The “informal” summit meeting between Indian Prime Minister Narendra Modi and Chinese President Xi Jinping in Wuhan, a beautiful riverfront city in Hubei Province, from April 27 to 28, is considered the most promising development in India-China bilateral relations in the past four years. Something that has been missing in this relationship and preventing it from maturing to its full potential is strategic mutual trust at the political and governmental level. I hope that the Wuhan Summit will help in creating this scarce but precious element.
When two top leaders meet, they should not, and they surely will not, discuss nitty gritty issues of our bilateral ties. Rather, they should have a frank, heart-to-heart and mind-to-mind discussion on fundamental questions. What are the root causes of inadequacies in mutual trust? How can we to resolve contentious and long-pending problems? What are the most attractive win-win opportunities before India and China? And how can both countries move forward swiftly in an agreed-upon direction of cooperation on both bilateral and multilateral issues? Finding good answers to these questions requires honest recognition of each other’s core concerns and interests.
The international background against which the Wuhan Summit is taking place is very important. The dominance of the United States, once deemed the world’s sole superpower, is rapidly declining. The current U.S. administration is also resorting to protectionist measures and fighting the tide of globalization. Some influential players in the U.S. are even warning of pulling China into a “trade war.” On global trade and anti-protectionism, India and China are on the same page. The Wuhan Summit can bring India and China closer on many important global issues.
With strategic mutual trust and comprehensive strategic cooperation, India and China can positively foster peace, stability and progress in Asia and around the world.
An important breakthrough at Wuhan that I would like to see is India joining the Belt and Road Initiative (BRI) as an equal partner. India and China should work together in the expanded China-Pakistan Economic Corridor (CPEC), which will pave the way for India-China-Pakistan cooperation. Our two countries should also come to an agreement on implementing the India-Nepal-China Economic Corridor and Bangladesh-China-India-Myanmar Economic Corridor. In short, comprehensive connectivity in South Asia should be a big realm in which Prime Minister Modi and President Xi Jinping can enthusiastically agree in Wuhan.
I am one of those in India to strongly and consistently argue, right from the beginning, that India should join the BRI. Comprehensive connectivity and economic integration will benefit India, China and all of South Asia.
The primary reason for India’s opposition to the BRI is the contention that the CPEC violates India’s sovereignty since it passes through the Pakistan-controlled Kashmir region, a territory claimed by India. This concern of India should be properly recognized by Beijing. I believe that India, China and Pakistan can reach an innovative and practical consensus on this matter that will pave the way for India to join the BRI. Beijing should also address India’s concerns on China’s reluctance to condemn Pakistani support for terrorist groups targeting India.
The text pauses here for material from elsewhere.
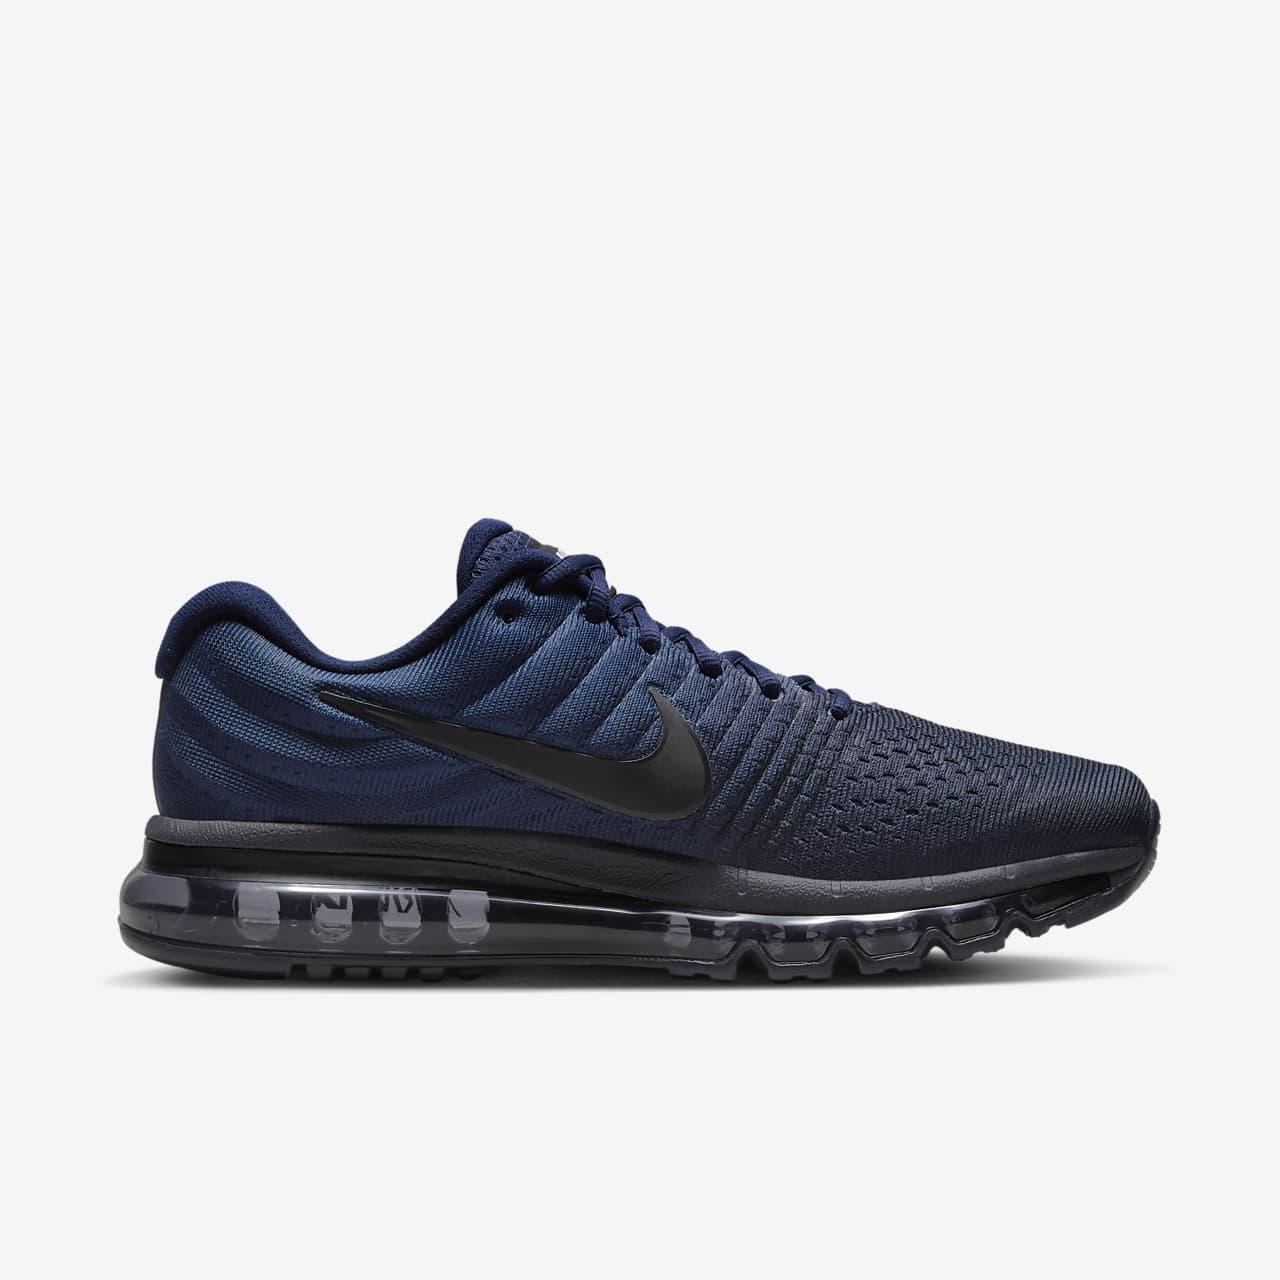 brand new e3e19 65ee9 ... Nike Air Max 2017 Men s Shoe

Mutual trust can quickly broaden and deepen bilateral and multilateral cooperation on many fronts. We have seen welcome progress in India-China trade and commerce. In 2017, bilateral trade reached an all-time high of US$84 billion. Moreover, India’s exports to China increased, which helped bring more balance to mutual trade. A recent visit to India by Chinese Commerce Minister Zhong Shan and a large delegation was highly successful.
Nevertheless, for two large and rapidly growing economies like India and China, US$84 billion in trade is a very low figure. The number should jump to at least US$300 billion over the next three to four years. China should import more high-value consumer products from India, which will generate employment opportunities in India. India should import more capital goods and sophisticated industrial intermediaries from China that will help the Chinese economy as well as assisting India’s industrialization.
No less important, India should open up many sectors, especially infrastructure, for large-scale Chinese investment. Similarly, China should invite Indian big business and Indian IT companies to expand their activities in China.
Finally, we should not underestimate the need to enhance people-to-people contact through tourism, arts, culture, cinema, music, literature, student exchanges, think tank cooperation and other sectors.
In short, the Wuhan Summit provides an opportunity for Narendra Modi and Xi Jinping to commit to ensuring that India-China relations are ambitiously expanded and deepened in the coming years to turn a new page on Asian history.
The author is chairman of the Observer Research Foundation in Mumbai and a political and social commentator.